News Highlight: The role of AI in traditional media expands
Summary
On Tuesday, December 12, 2023 the New York Times announced the creation of a new newsroom position: editorial director of artificial intelligence initiatives. In a staff memo, the Times said they will “develop a plan and determine the ways [they] can draw upon the powers of AI to improve [their] product, while also not denigrating the quality of trusted journalism”. Of the many things they want to accomplish, the Times will begin by establishing principles on how they will and won’t use generative AI. In addition to the New York Times expanding their AI footprint, a new deal between Axel Springer brands (the publisher of Politico, Business Insider, and numerous other large publications) and OpenAI was announced to advance the training of OpenAI’s large language models and enable ChatGPT to pull content from Axel Springer’s publications to answer questions. The announcements from both the New York Times and Axel Springer caps off an explosive week of AI growth at traditional media publishers.
Overview
In a recent New York Times staff memo the publisher announced that Zach Seward, a founding editor of Quartz (qz.com) was joining the Times as the editorial director of artificial intelligence initiatives. In his role he will help the their organization prototype generative AI tools and partner with journalists to help them incorporate AI into the Times’ publishing tools and other digital products. Within a day of the announcement from the New York Times, we saw a similar announcement from Axel Springer where they tout a global partnership with OpenAI “to strengthen independent journalism in the age of artificial intelligence”. Some highlights from their announcements include but are not limited to:
Using Axel Springer Media Brands content to help train OpenAI’s language models
ChatGPT responses can include attribution links to full articles for further information on topics
Creation of new (and non-specified) financial opportunities for Axel Springer intended to holistically support their journalistic enterprises
Why does it matter?
Since the onset of ChatGPT and other successful large language models, many media publishers have wrestled with the role of AI in their newsrooms. One of the most noteworthy lines in the announcement that the Times highlighted is that Zach Seward has a firm belief that journalism at the Times will always be reported, written, and edited by expert (human) journalists. This belief is particularly refreshing, given how other publications like Sports Illustrated, Men's Health, CNET, Bankrate, Gizomodo, the A.V. Club, Buzzfeed, and USA Today have engaged in mass churning of AI-generated content that has been attributed to “reporters” who do not exist, as we have highlighted in our recent newsletter. An unfortunately common side effect from using AI to generate content is the phenomenon of hallucinations. One kernel of optimism from both the Axel Springer and New York Times announcements is that they seem to be taking steps to mitigate these hallucinations. It seems that the New York Times will focus on using AI to empower their human journalists, while OpenAI will look to bring in third-party citations to act as an authoritative stamp on generated content. While it remains to be seen how effective these measures will be in practice, both seem to be good first steps towards reducing hallucination frequency and improving the quality of both human and AI-generated media and content.
Editor Comments
Justin: Axel Springer, particularly in Germany, has a decades-long history of scandalous journalistic practices which continuously mixes right wing “activism” and journalism. Using their publications in the training of OpenAI’s language models as well as in attributing ChatGPTs responses to Axel Springer’s “authoritative sources” risk the models further internalizing right wing propaganda as well as biasing the outputs. I really hope this is not the beginning of a trend where ChatGPT further incorporates other right wing click bait into the fold and we see websites like Infowars or Britebart being cited by ChatGPT as “authoritative” news sources.
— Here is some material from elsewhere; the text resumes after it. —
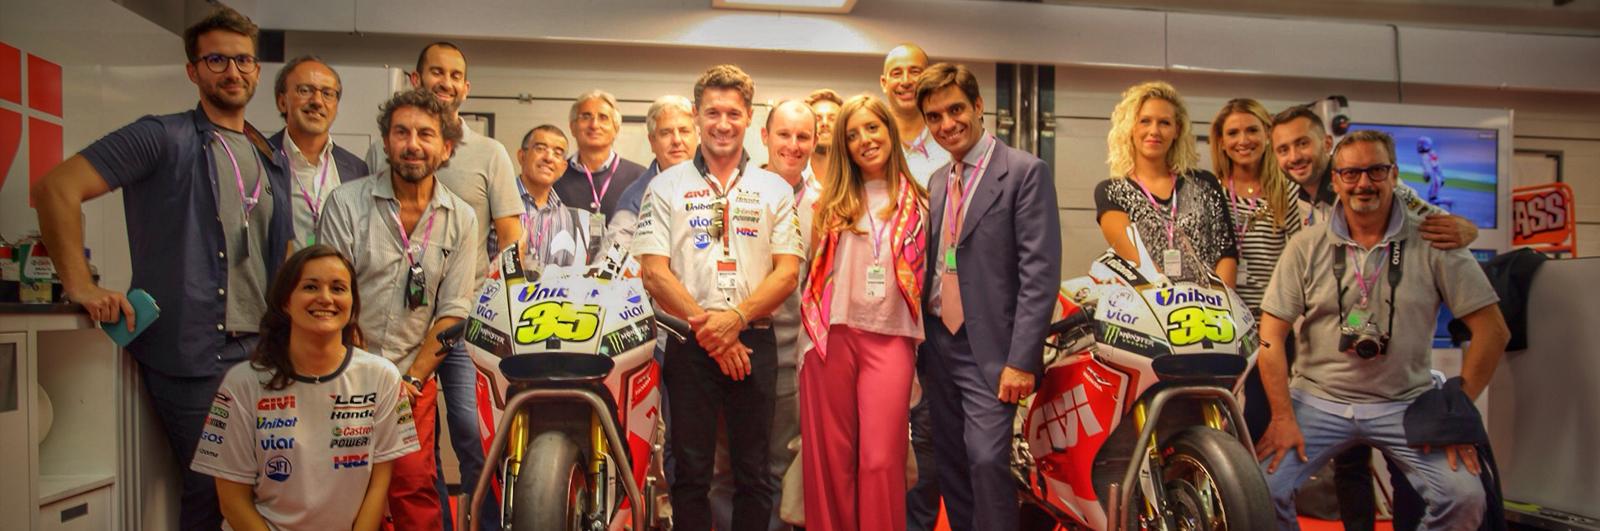 Hospitality: SIFI at MotoGP San Marino e Riviera di Rimini 2015

Research Highlight: Foundation Models in Robotics: Applications, Challenges, and the Future
Summary
Recently, we’ve seen a number of works apply LLMs to robotics and real-world manipulation, such as in SayCan and the Robotics Transformer. In this paper, researchers with eight affiliations survey applications for pretrained foundation models in robotics. Looking at recent papers in this domain, they consider how foundation models contribute to improving robot capabilities in perception, decision-making, and control. They discuss challenges hindering foundation model adoption in robotics and potential pathways for future work.
Overview
Foundation models offered the opportunity for researchers to utilize general models that did well on a variety of tasks, as opposed to using architectures that had been trained for more specific capabilities. Traditional deep learning models for robotics were also typically trained for particular tasks, but foundation models’ learned representations hold the potential to be used in any part of the robot autonomy stack, including perception, decision-making, and control.
The authors cover many different cases for foundation models in robotics, and we will note a few examples here:
SayCan uses an LLM for high-level task planning in language, with a learned value function to ground instructions in its environment. The language model provides task-grounding, determining useful sub-goals based on high-level instructions. The system learns an affordance function to achieve world-grounding, which enables the identification of feasible actions to execute the plan.
The Robotics Transformer (RT-1) is trained on a dataset of over 130k real-world robotic experiences—it receives images and natural language instructions as inputs, and outputs base and arm actions. It shows promising scalability properties in that it generalizes to new tasks, is robust in challenging environments, and can execute long-horizon instructions. RT-2 takes this a step further, using a vision-language action model which utilizes both web and robotics data to generate generalized actions for robotic control.
Finally, the authors consider challenges and future directions:
Data scarcity for training robotics foundation models: While text and image data are abundant, robotics-specific data is scarce. A few solutions are noted, such as using inpainting and VLMs for data augmentation, or performing high-fidelity simulation via gaming engines to collect data.
Inference time: The inference time for many foundation models does not meet the requirements for reliable real-time deployment of robotic systems.
Limitations in multimodal representation: In current multimodal representation learning, a simple embedding is assumed to be sufficient to identify a modality—it is an open challenge whether a single multimodal model can accommodate all modalities. Robotics applications involve some modalities where sufficient data is not available and to align with other modalities, they need to first be converted to other modalities and then used.
Uncertainty quantification: Hallucinations are a well-known issue for current foundation models, but reliability assurances are important for deploying models for safety-critical robotics applications. The authors look at instance-level and distribution-level uncertainty quantification, and observe that estimates of uncertainty need to be calibrated.
Safety evaluation: How can we rigorously test for the safety of a foundation model-based robotic system? This testing needs to occur prior to deployment, during the model’s runtime, and as a robot operates in its target environments.
Using existing foundation models as plug-and-play or building new foundation models for robotics: Foundation models could be integrated into various robotics applications without customization—the plug-and-play approach simplifies the integration of recent AI advances into robotics. However, specific domain expertise may be needed in particular applications, which would require building a foundation model from scratch or fine-tuning existing models.
High variability in robotic settings: Robot platforms are diverse, with different physical characteristics, configurations, and capabilities. Real-world environments are also diverse. Thus, a key requirement for general-purpose robotic foundation models is that they are task-agnostic, cross-embodiment, open-ended, and capture diverse robotic data.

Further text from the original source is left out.